---------- Material provided

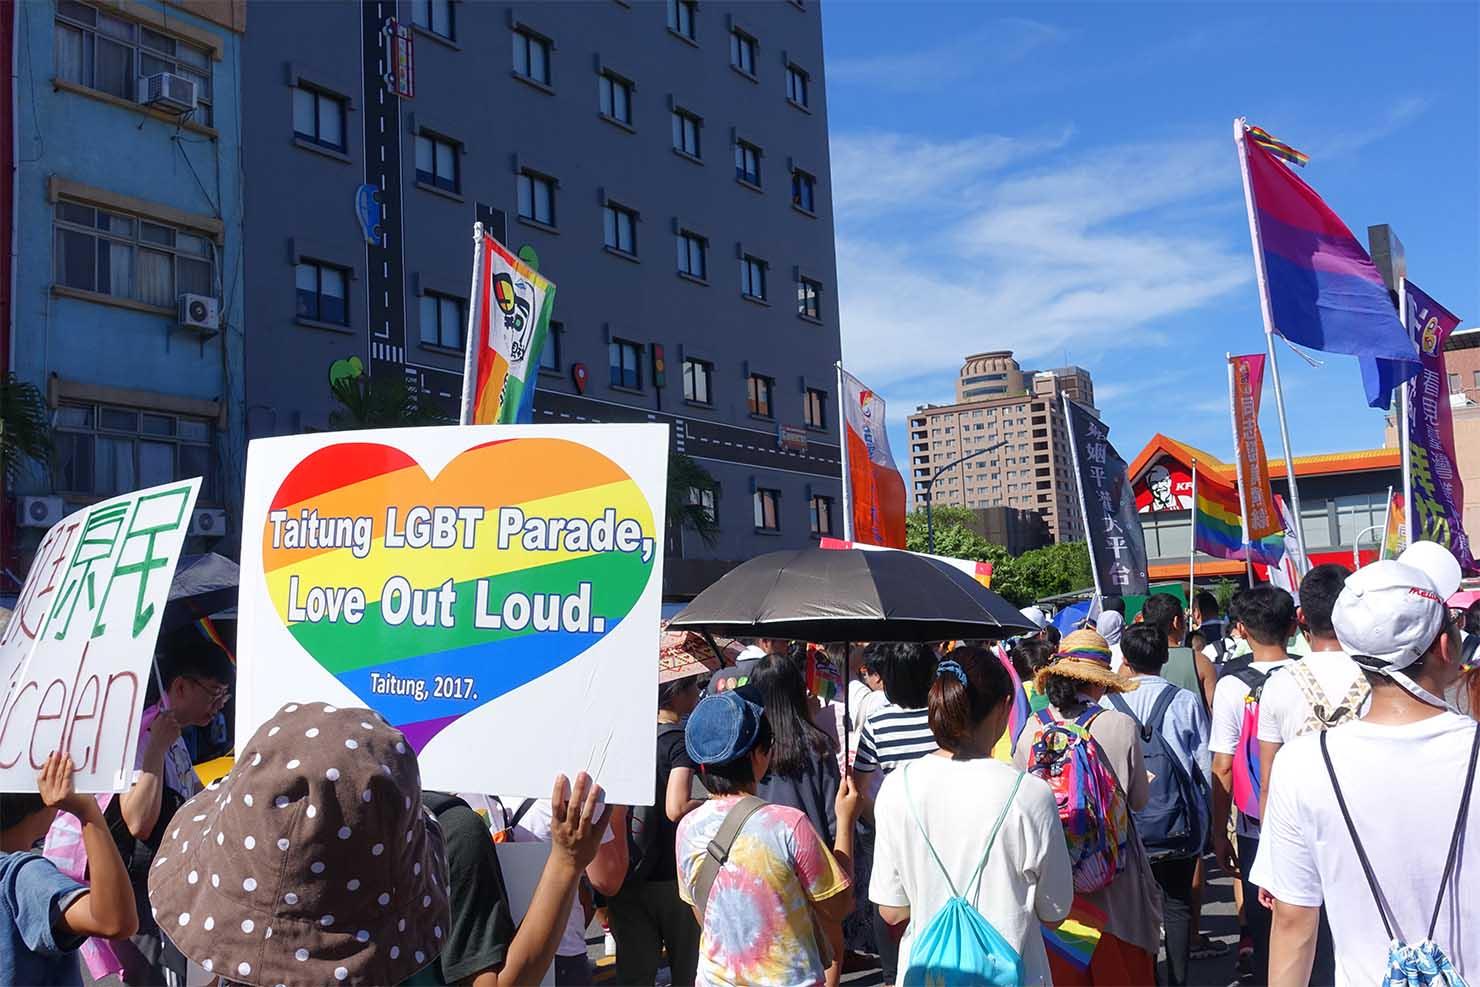 台湾東部のLGBTプライド「花東彩虹嘉年華」でにじいろハートのプラカードを掲げる参加者
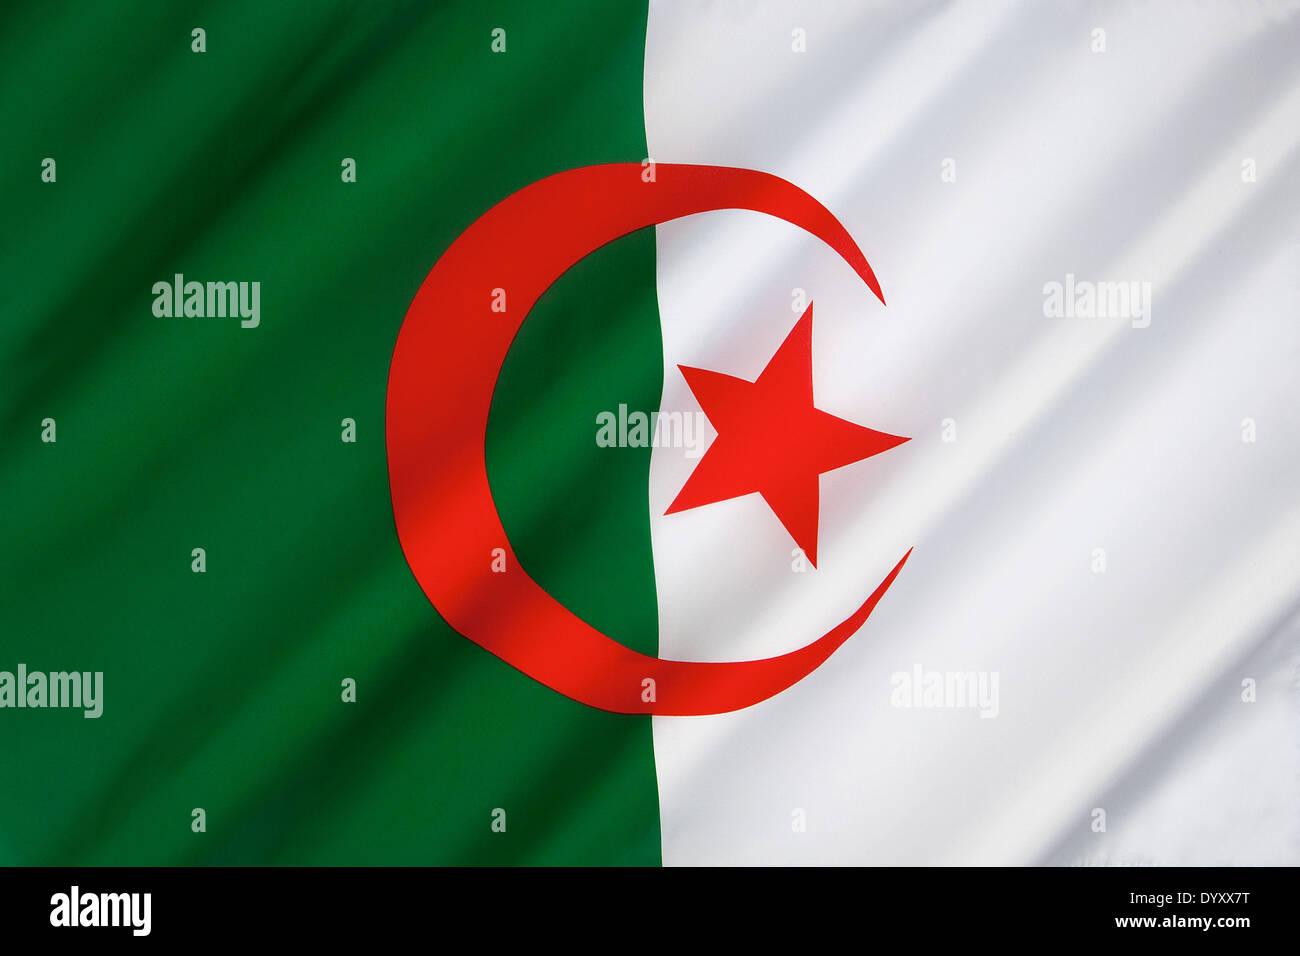 La bandera nacional de Argelia Imagen De Stock
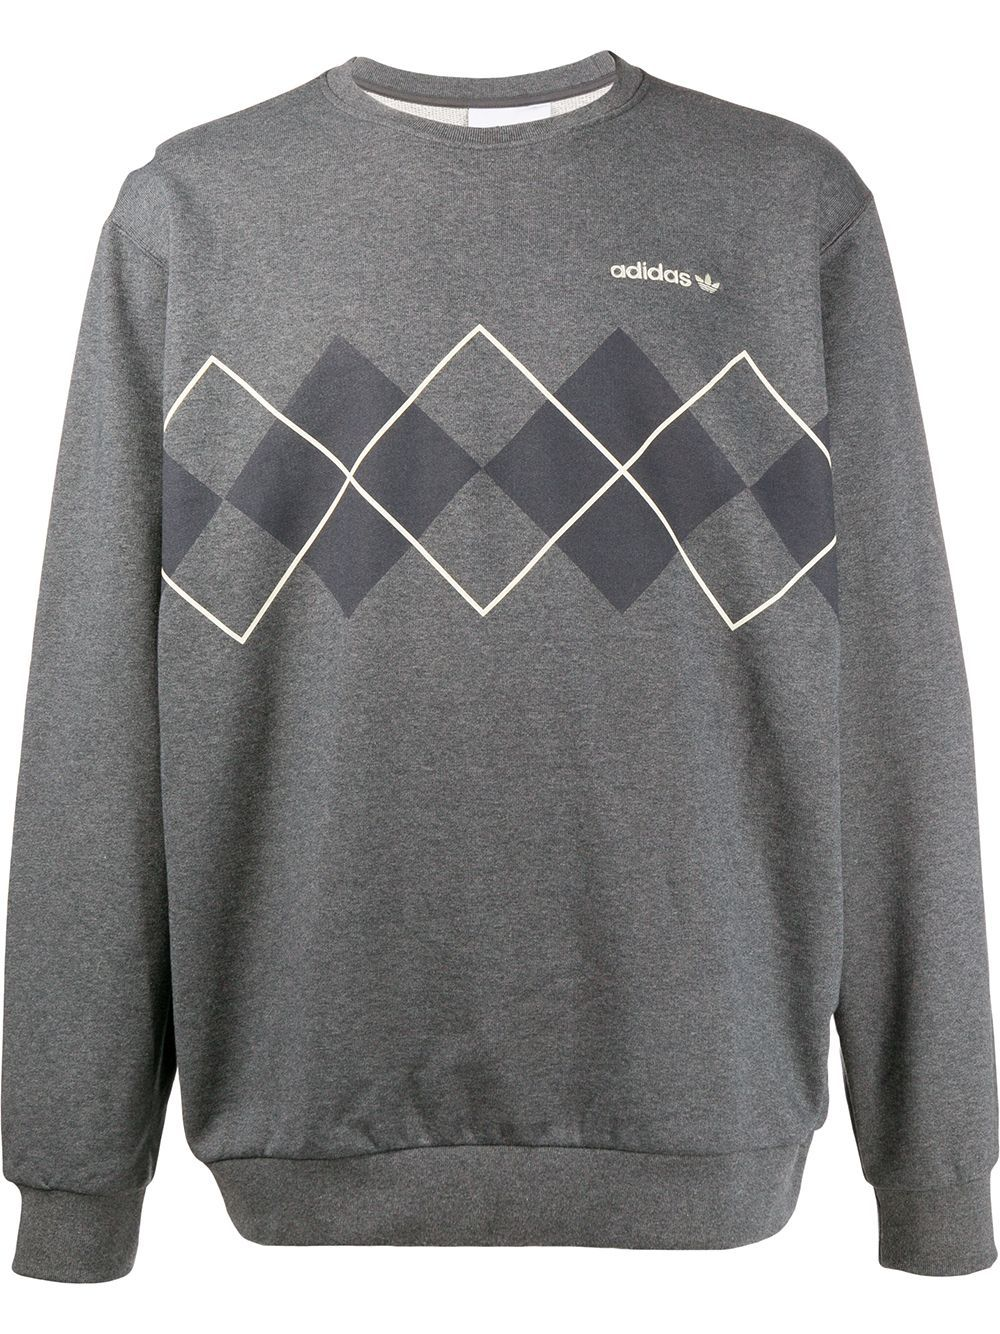 Adidas Argyle Print Sweatshirt Farfetch Sweatshirts Printed Sweatshirts Grey Sweatshirt [ 1334 x 1000 Pixel ]

--------------------

To do: Your answer must be the full listing, copied exactly, with no pictures in it.

Solution to the problem:
 台湾東部のLGBTプライド「花東彩虹嘉年華」でにじいろハートのプラカードを掲げる参加者
 La bandera nacional de Argelia Imagen De Stock
 Adidas Argyle Print Sweatshirt Farfetch Sweatshirts Printed Sweatshirts Grey Sweatshirt [ 1334 x 1000 Pixel ]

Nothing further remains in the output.